Before we collect the URLs specified in a page, we need to absolutize any relative URLs that may occur in the page. A relative URL is one that does not start with the protocol string such as http or ftp. Thus, if we have a relative URL garden-of-the-gods.jpg, and it occurs in the page with absolute URL

http://www.cs.uccs.edu/~kalita, it is absolutized as

http://www.cs.uccs.edu/~kalita/garden-of-the-gods.jpg. To absolutize a URL, we use the abs method in the URI module. The absolutization steps are given below.

 

       #Absolutizing done below doesn't work if a directory-level

        #URL doesn't have a / at the end.

        if ($url !~ /[.]$MIMEEXTS$/ and  $url !~ m@/$@)

                {$url = $url . "/"};

        my $theURI = new URI ($theUrl);

        $theURI = $theURI->abs($url);

 

The abs() method of the URI class does not return the correct absolute URL for an argument if the URL with respect to which absolutization is performed does not end with a /. To take care of this anomalous situation, we use the global variable $MIMEEXTS that gives a non-exhaustive list of extensions used by non-directory files, in the form of a regular expression. If the URL $url being analyzed does not end with one of the file extensions listed in $MIMEEXTS, we assume that $url refers to a directory. If it is a directory, and
does not have a trailing /, we append a / at the end. The next step in absolutization is to take the current individual URL $theURL found in the page with address $url, and create a URI object out of it. To finish the absolutization process, the abs method of the URI class is called on $theURI with the containing URL $url as an argument. If a URL is already an absolute form, it does not change. Otherwise, it is transformed syntactically to make it absolute.

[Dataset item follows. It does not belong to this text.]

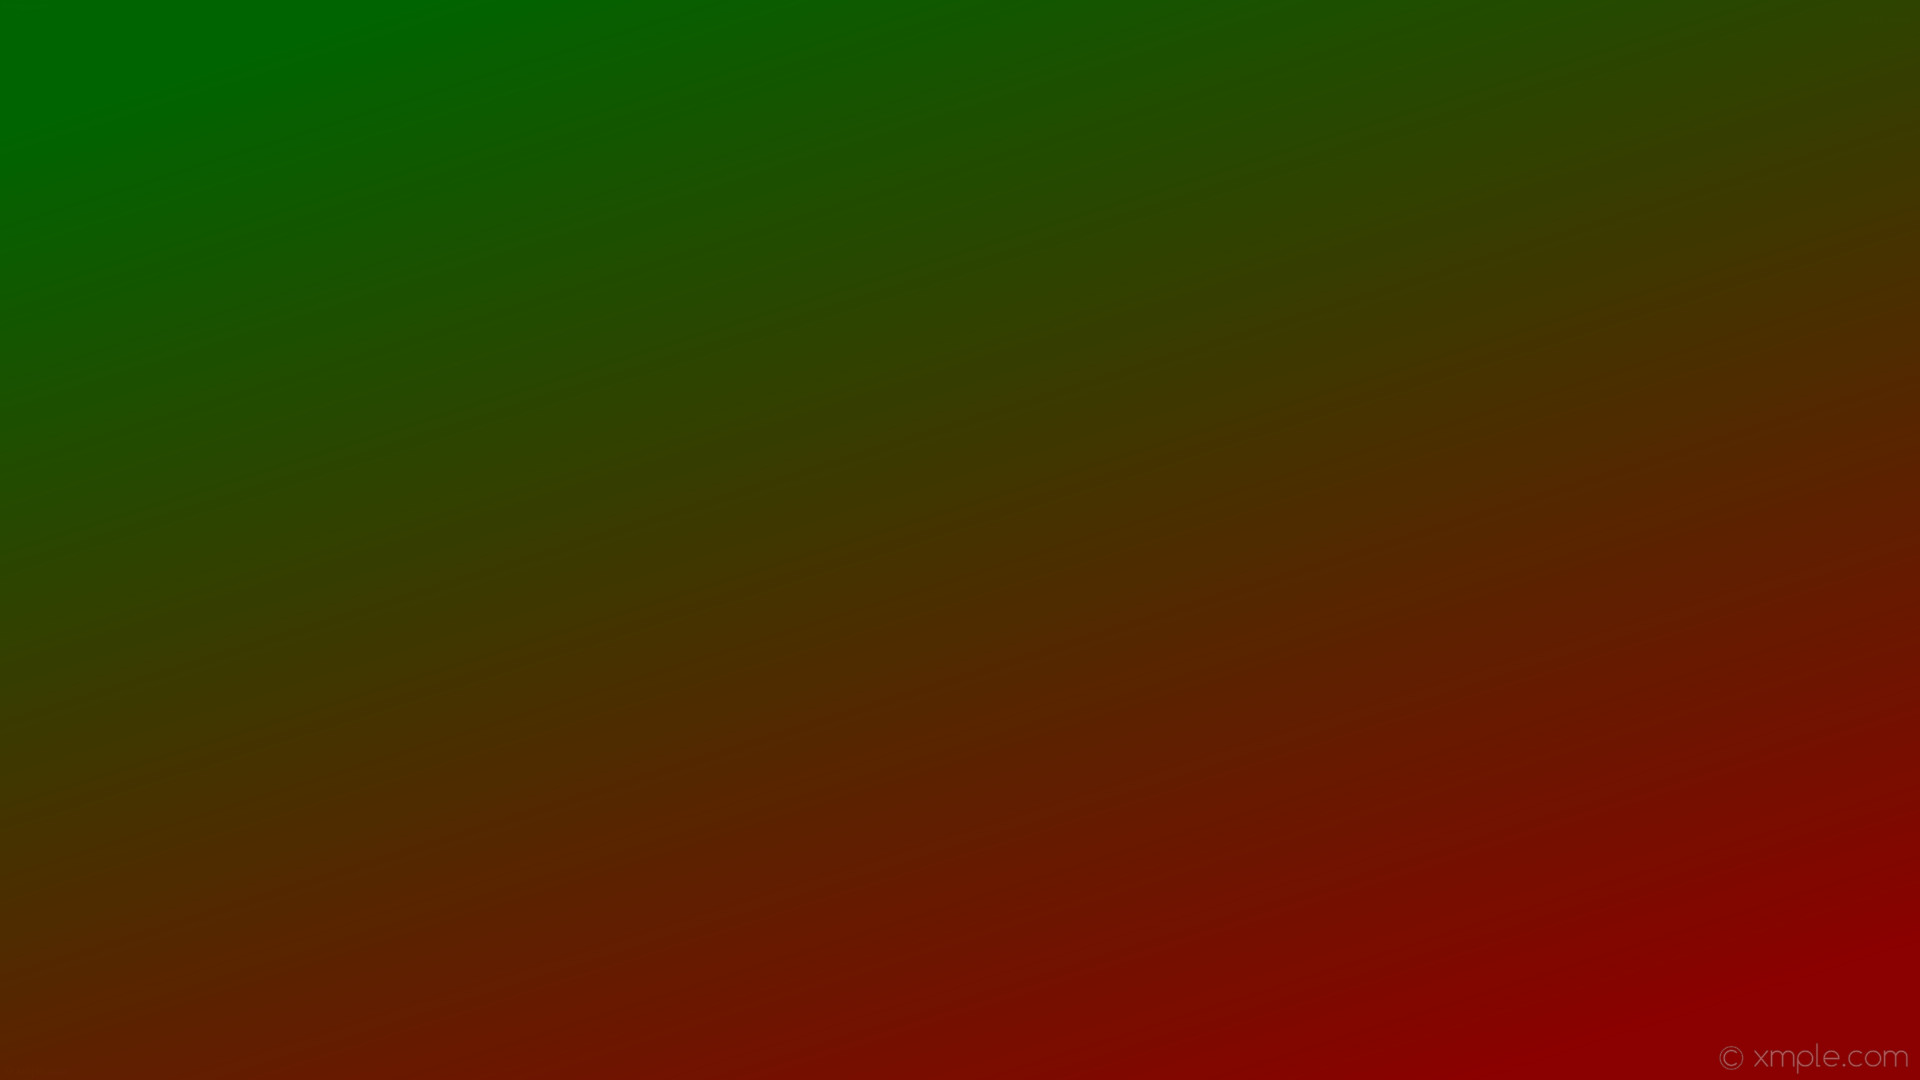 1920x1080 wallpaper gradient linear green red dark green dark red #006400 #8b0000 135Â°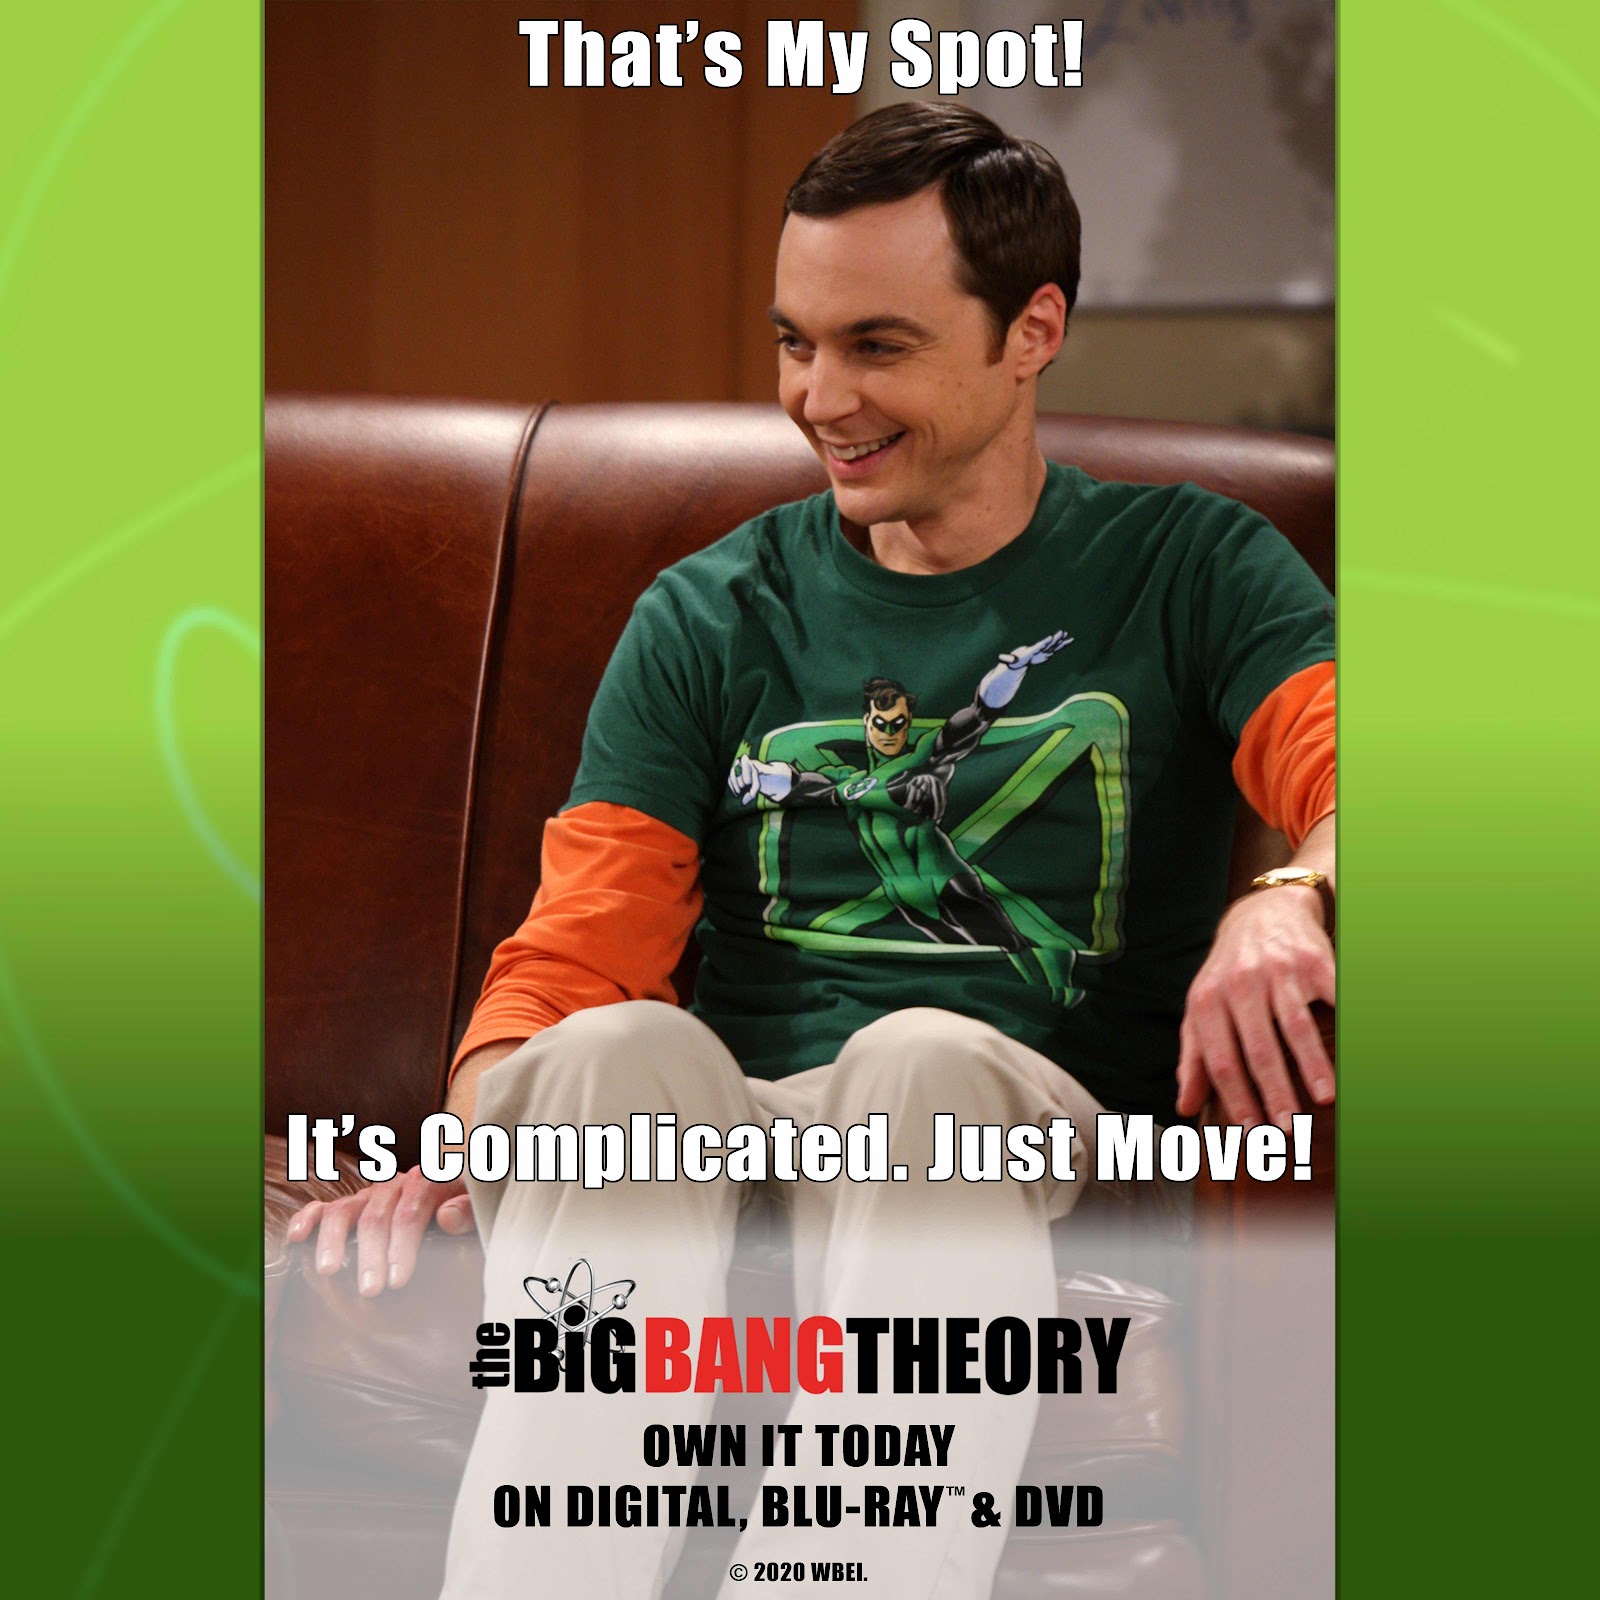 Checkout never before seen Sheldon Cooper meme from THE BIG BANG THEORY # BigBangTheory

The first foreach loop goes over every element of @links and takes the URL out of the current link data structure and stores it in %linkHash. We use a hash so that there is no duplication of the URLs collected. That is, if a URL occurs several times in a Web page, we register it only once. A new array called @linkArray is created containing the unique URLs that are collected, i.e., the keys of %linkHash.

The extractLinks subroutine has a second foreach loop. In this loop that iterates over every unique and unexamined URL collected, the subroutine extractLinks is recursively called if the URL happens to be in the domain we are exploring. Such in-domain link sare examined for staleness in extractLinks. If the URL is from another domain, the subroutine checkLink is called to see if the URL is stale or dead. URLs pointing to locations outside the focussed site are not explored recursively.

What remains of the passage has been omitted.